From a hydraulics analogy perspective consider the diode a check valve, you installed it the opposite direction in the second setup, it only allows flow in one direction, unless enough force is applied to overcome it's resistance to flow.

Now back to electrical- the AC current wave is blocked in one direction, turning the diode end for end reverses that direction for the entire circuit. Full AC voltage wave is applied, it just only allows current to flow one direction.
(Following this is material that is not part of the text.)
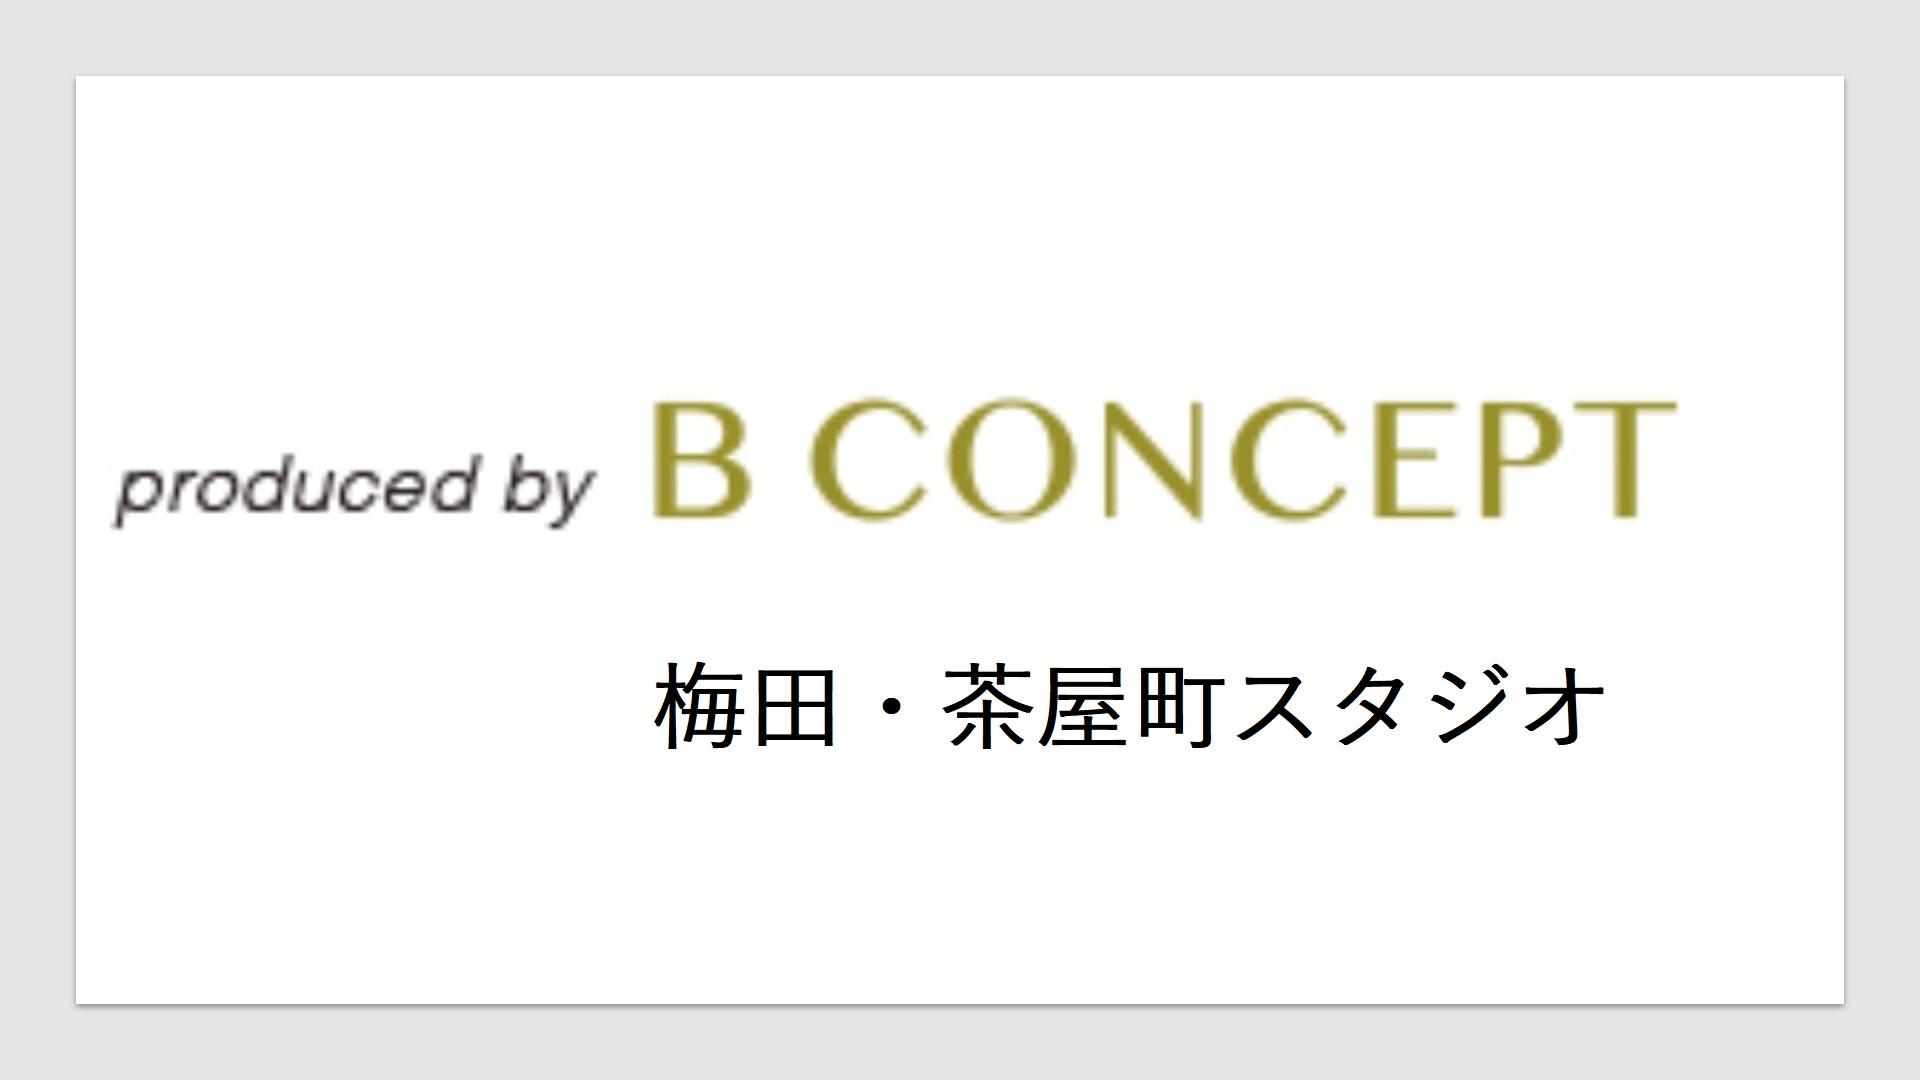 ビーコンセプト(梅田、茶屋町スタジオ)

The load only sees DC (pulsing DC in a simple circuit like this) because half the cycle is essentially DC current flowing one direction, the other half cycle the diode becomes like an open circuit because it isn't allowing any current to flow the opposite direction.

 

[Carultch]

Hello everyone. This is my first post, and is a question that has plagued me from the days when I was a first year apprentice, until now, 13 years later. See the photo below.
View attachment 17852

Well, I thought it would be bigger, but here goes. I understand fwd. biasing of the PN junction, and how the left figure's diode is fwd biased, and the right figure is too. What I have never quite grasped, is what is the reason on these two half-wave rectifiers--that the left one develops only the negative alternation across the load, while the right figure does the opposite? I realize that in both, the cathode is negative with respect to the anode (the definition of fwd. biasing), but WHY does one create just the negative portion of the sine wave while the other renders the positive half to the resistor?

If I could get this answered, my kingdom is yours. Not much in the way of jewels and binoculars, but boy do I feel like an ass.

Help?

Thank you.
Larry.

Are you asking for an explanation at the atomic level of why a diode works?

Or are you asking for an explanation of your circuit results, given that a diode works the way it does?

 

[lbmcse]

Gentlemen, thanks for the replies. I understand why and how, holes and electrons, depletion regions widening, narrowing, and the implications of both--and the check valve analogy is a familiar one. I'm aware WHY current flow is only possible clockwise in one picture, and counterclockwise in the other, what I DON'T understand--is why clockwise current flow produces a NEGATIVE half-cycle pulse, while the clockwise flow yields a POSITIVE (above the X axis) pulsed DC voltage across the load. See the very small pulsed DC representation on the upper right of each diagram?

BTW, these are not "my" circuits, they are from a text, representing a simple half-wave rectifier.

To reply to Carultch, I'm asking for the latter. Chances are I'm missing something very simple. Just trying to button this up.

Thank you again.

 

[GoldDigger]

Part of your confusion, I think, is that the arrows next to the resistor are showing electron flow, not "conventional" current.
Conventional current is drawn as if positive charges were moving.
The voltage across a resistor is proportional to the conventional current through it.
In the left picture conventional current is flowing counter-clockwise. That makes the top of the resistor negative, as shown in the wave at the end of line.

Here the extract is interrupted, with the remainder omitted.